For Singapore specifically, success in making this partnership work could prove as strategically significant as any initiative since independence. It would demonstrate that despite profound differences in political systems, governance approaches, and historical grievances, pragmatic cooperation can yield substantial mutual benefits. It would show that Singapore’s constraints—particularly land scarcity—need not limit its economic ambitions when addressed through creative regional integration. And it would establish Singapore not merely as a sovereign city-state, but as the nucleus of a broader integrated economic ecosystem that leverages the complementary strengths of multiple territories.

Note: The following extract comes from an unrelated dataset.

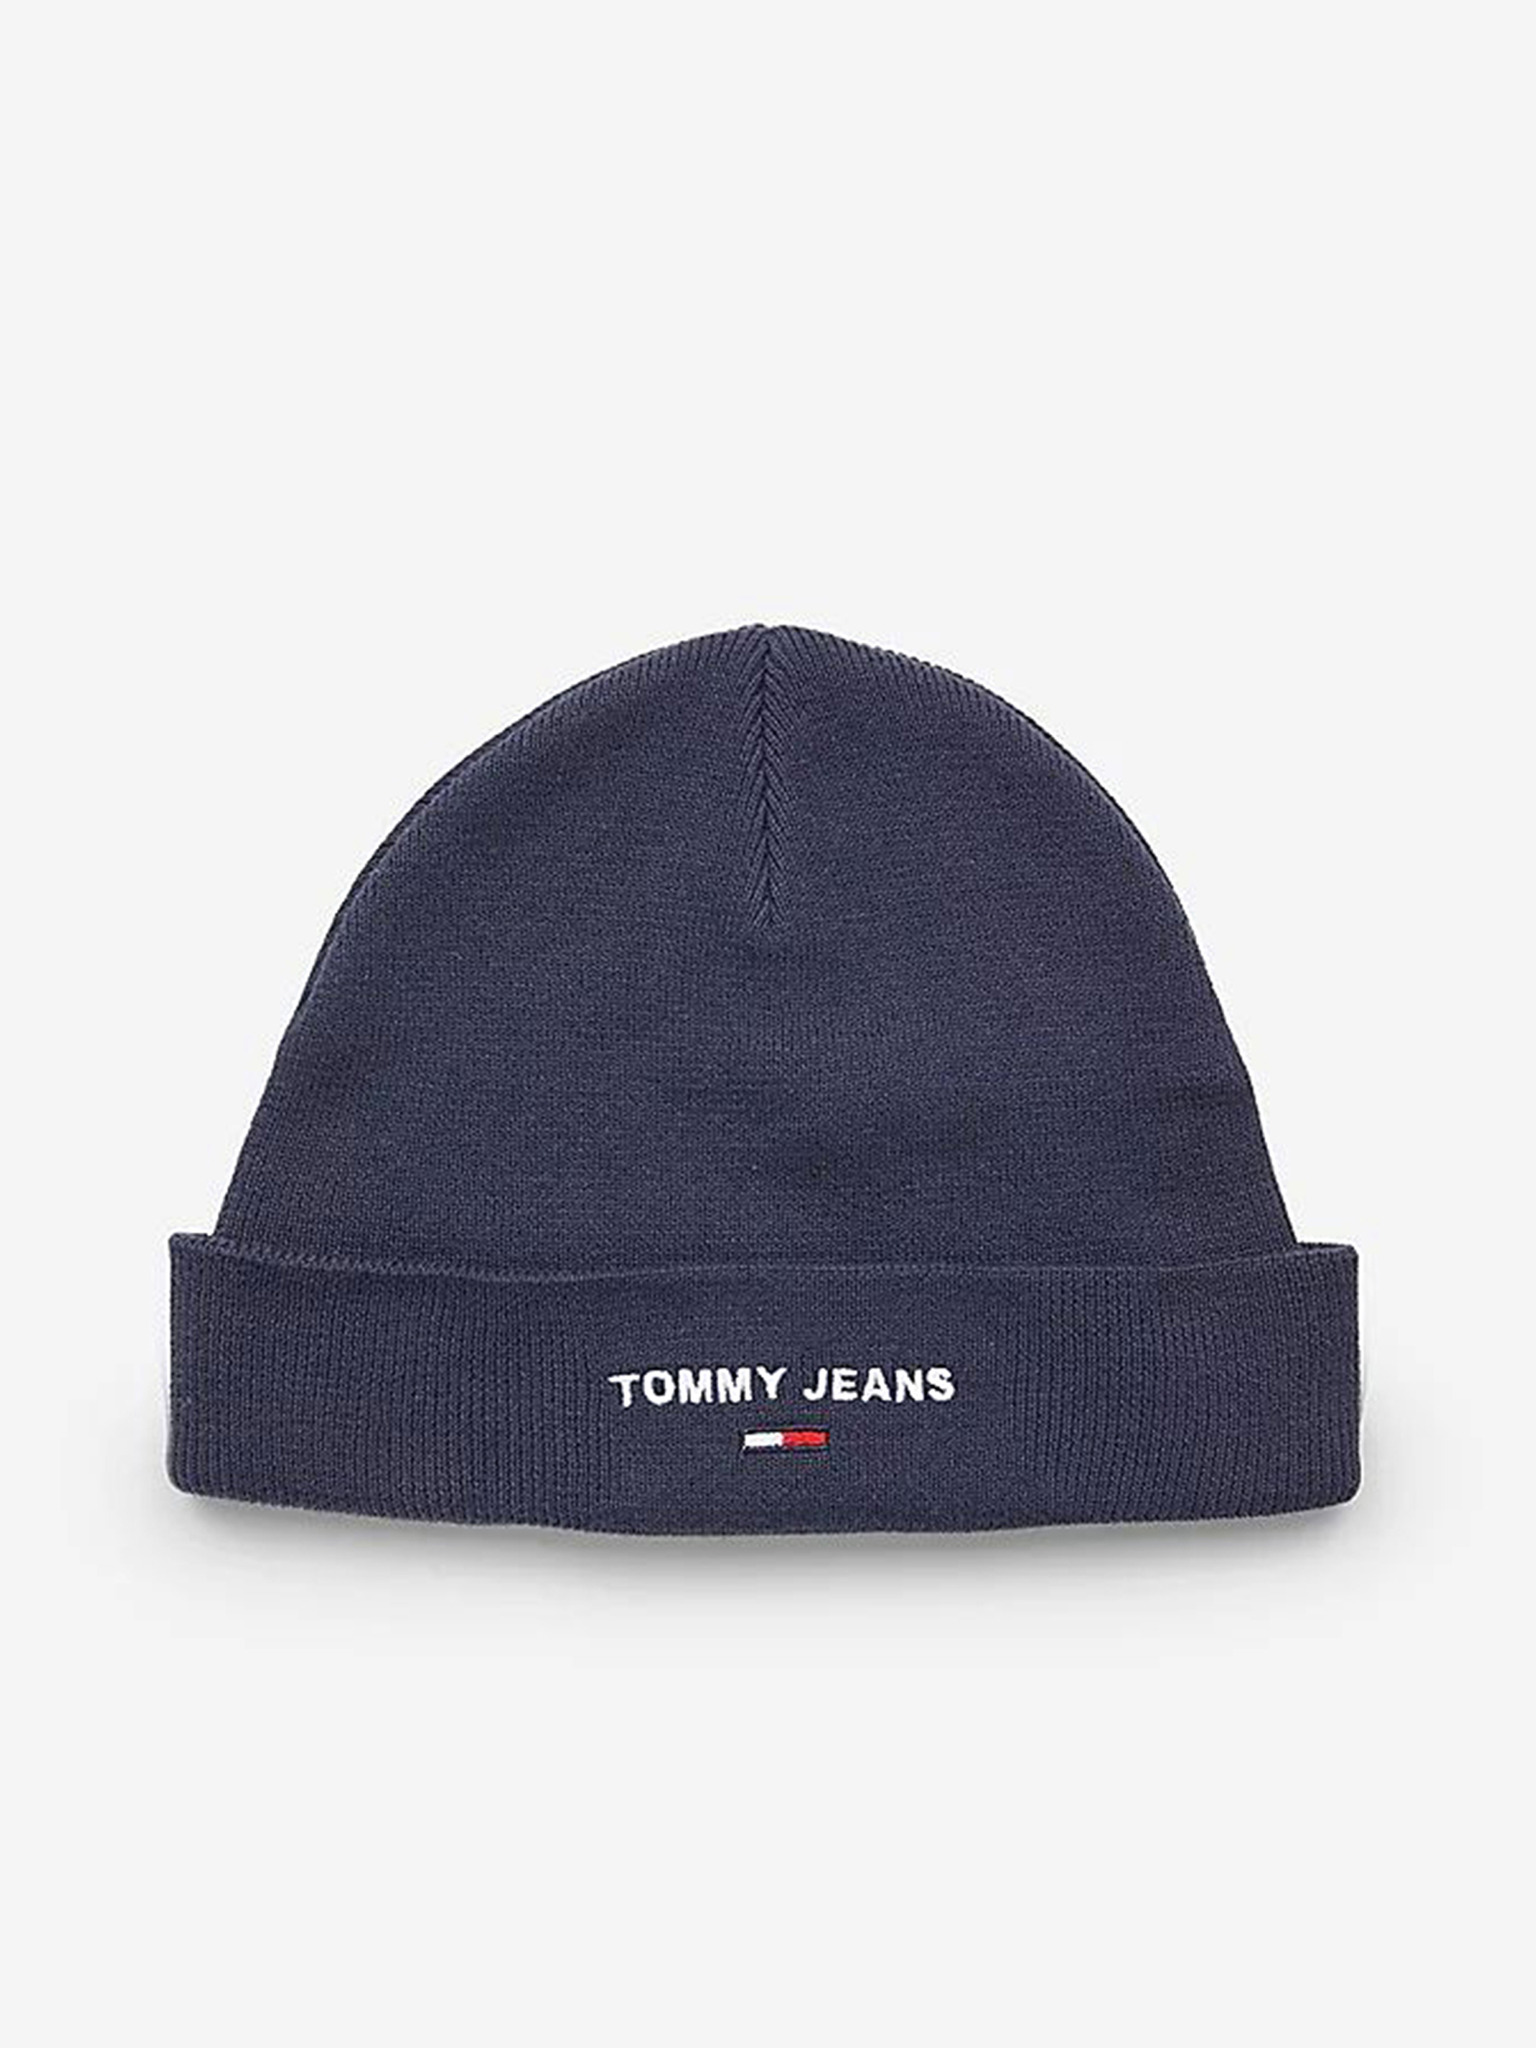 Jeans Beanie - Tommy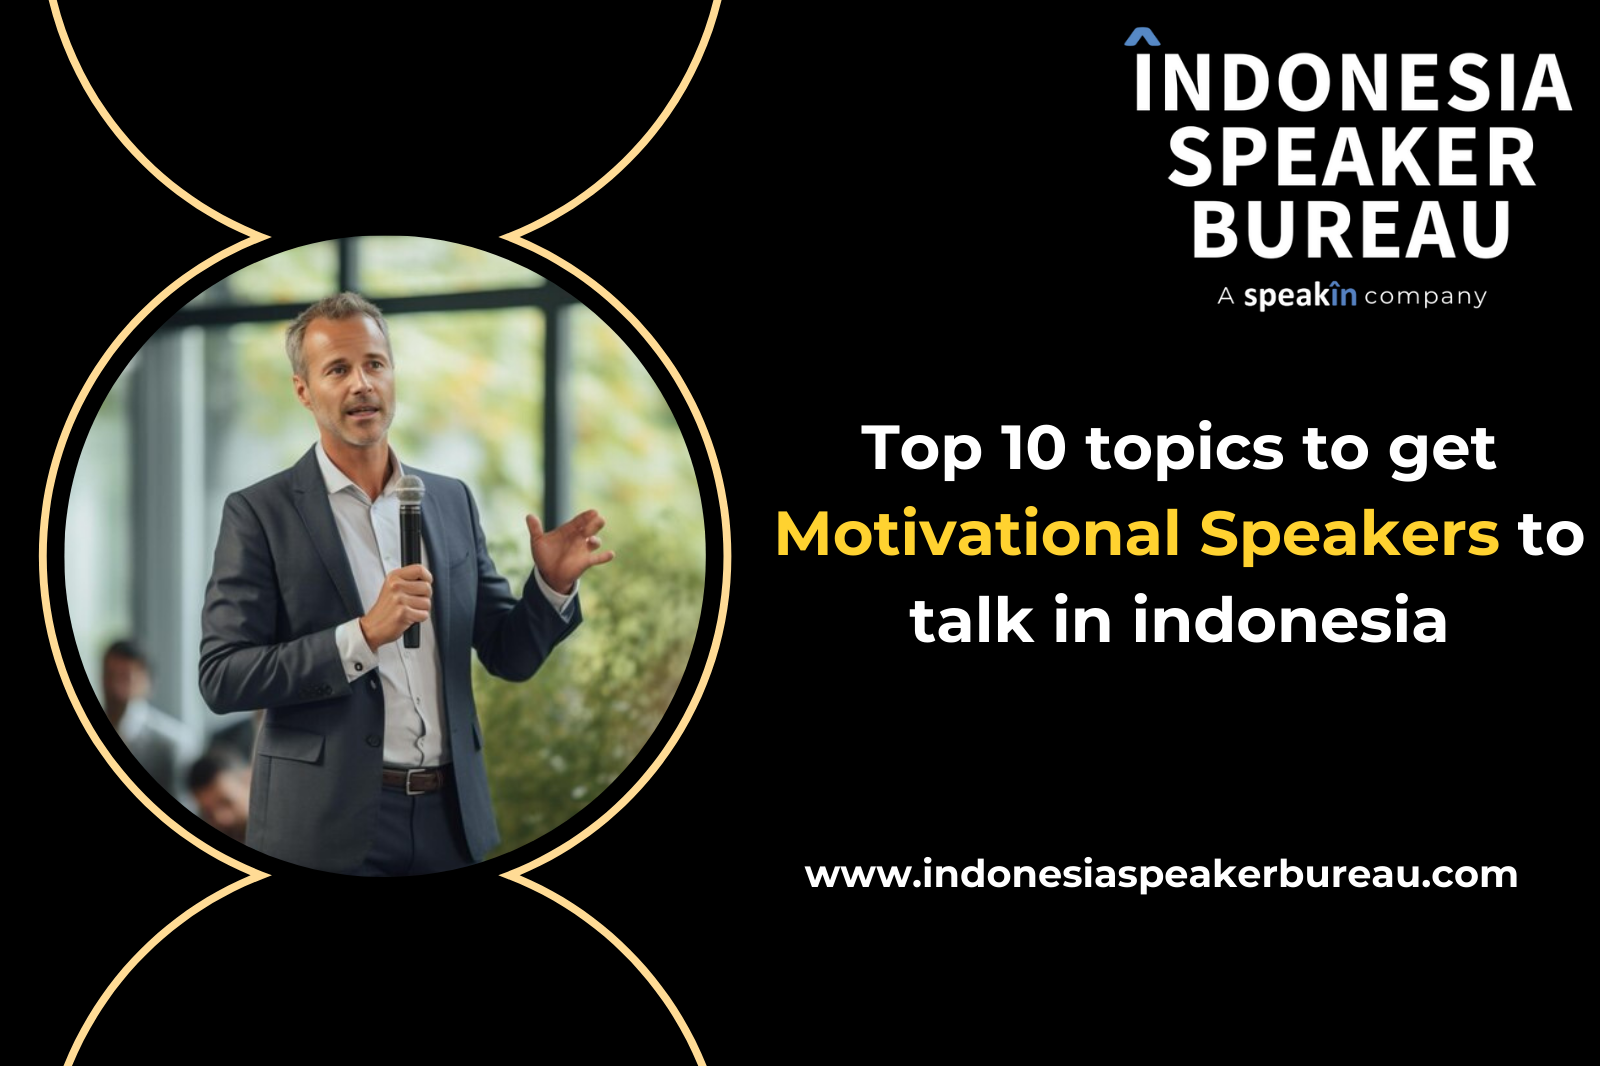 Top 10 Topics to Get Motivational Speakers to Talk in Indonesia

The JS-SEZ is ultimately an experiment in transcending the Westphalian logic of territorial sovereignty to create functional economic integration across borders. If it succeeds, it will change not just Singapore’s relationship with Malaysia, but Singapore’s understanding of what it means to be a successful small state in a complex, interconnected world.
The question is no longer whether Singapore and Malaysia are better as friends than rivals—Zafrul is manifestly correct on this point. The question is whether both nations can build and sustain the institutional frameworks, political will, and practical mechanisms to make friendship work in practice, delivering tangible benefits that justify the trust, compromise, and coordination that genuine partnership requires. The JS-SEZ will provide the answer.